- Securities held to maturity
Held-to-maturity securities comprise debt securities that are intended to be held to maturity, and can be held to maturity. They are measured at cost upon initial recognition, which is equal to fair value at the time of acquisition. Subsequent measurement is performed at acquisition cost carried forward. A write-down is recognised in profit or loss in the case of permanent impairment.
- Segment reporting
Presentation of the consolidated financial statements broken down according to the property and casualty insurance, life insurance, and health insurance areas as primary segments, and according to regions as secondary segments.
- Single premium
A special type of premium payment used for life insurance. A (high) amount is paid as a single premium at the start of the policy.
- Solvency II
Solvency II is a fundamental reform of insurance supervisory law in Europe, particularly solvency regulations relating to the capital adequacy of insurance companies. Solvency II is intended to create methods for the riskbased management of the total solvency of insurance companies. The static system for determining capital adequacy currently in effect will be replaced by a riskbased system, which goes beyond the current capital adequacy provisions of the Insurance Supervision Act to also take into account, in particular, qualitative factors (e.g. internal risk management).
- Standard & Poor's
Standard & Poor's is an internationally recognised rating agency.

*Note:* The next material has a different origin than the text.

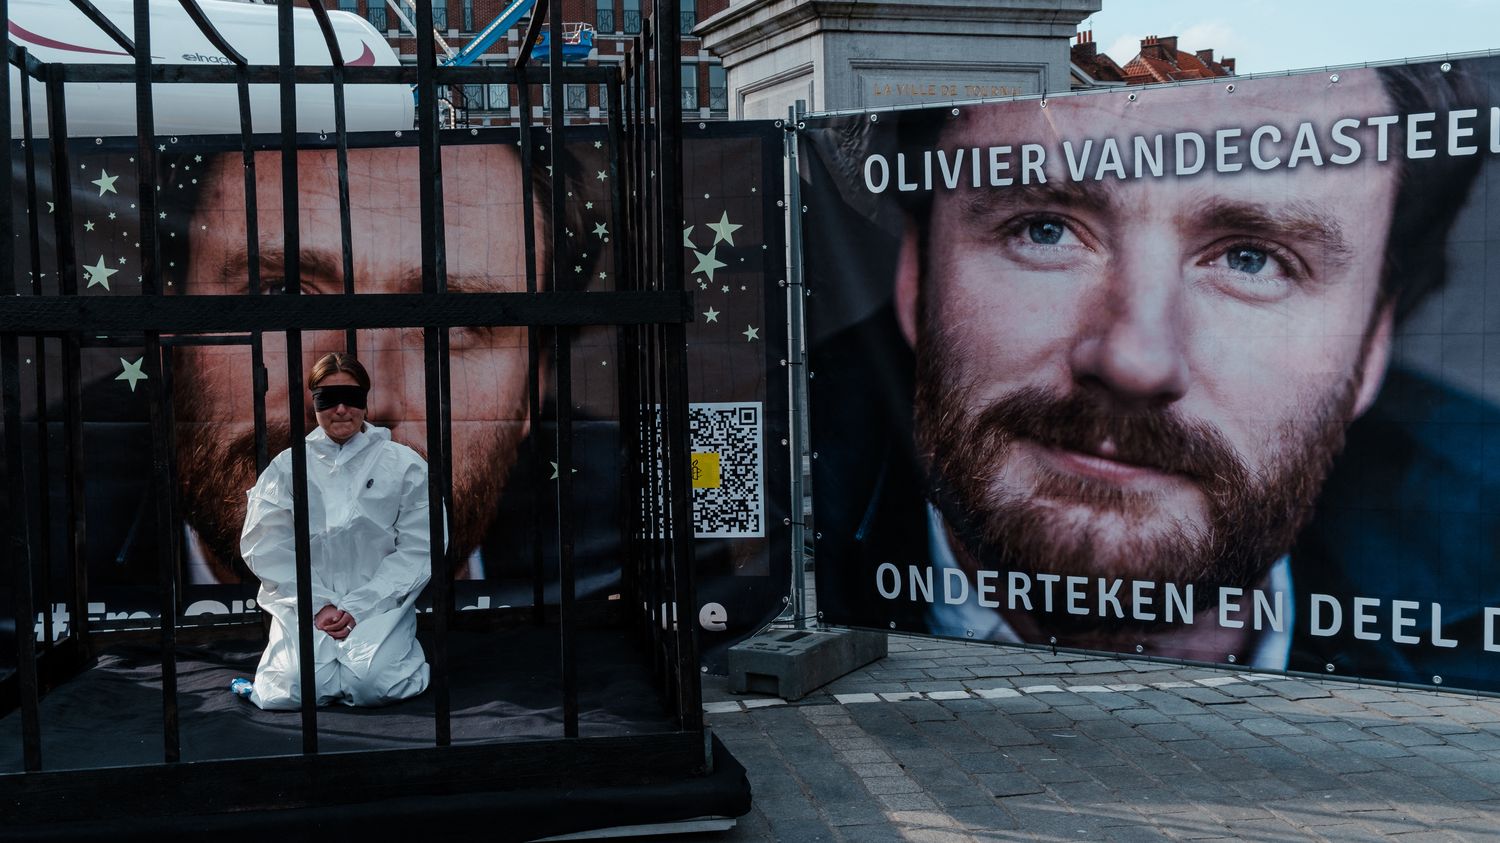 Iran releases Belgian humanitarian Olivier Vandecasteele in prisoner swap

It analyses and evaluates companies, countries and bonds, among other things. It uses its own rating scale, which ranges from AAA for the highest category to CC for the lowest when rating the financial strength of insurance companies. The ratings can be modified by adding a plus or minus sign.
- Stress test
Stress tests are a special form of scenario analysis. The objective is to arrive at a quantitative assessment of the potential losses incurred by portfolios in the event of extreme market fluctuations.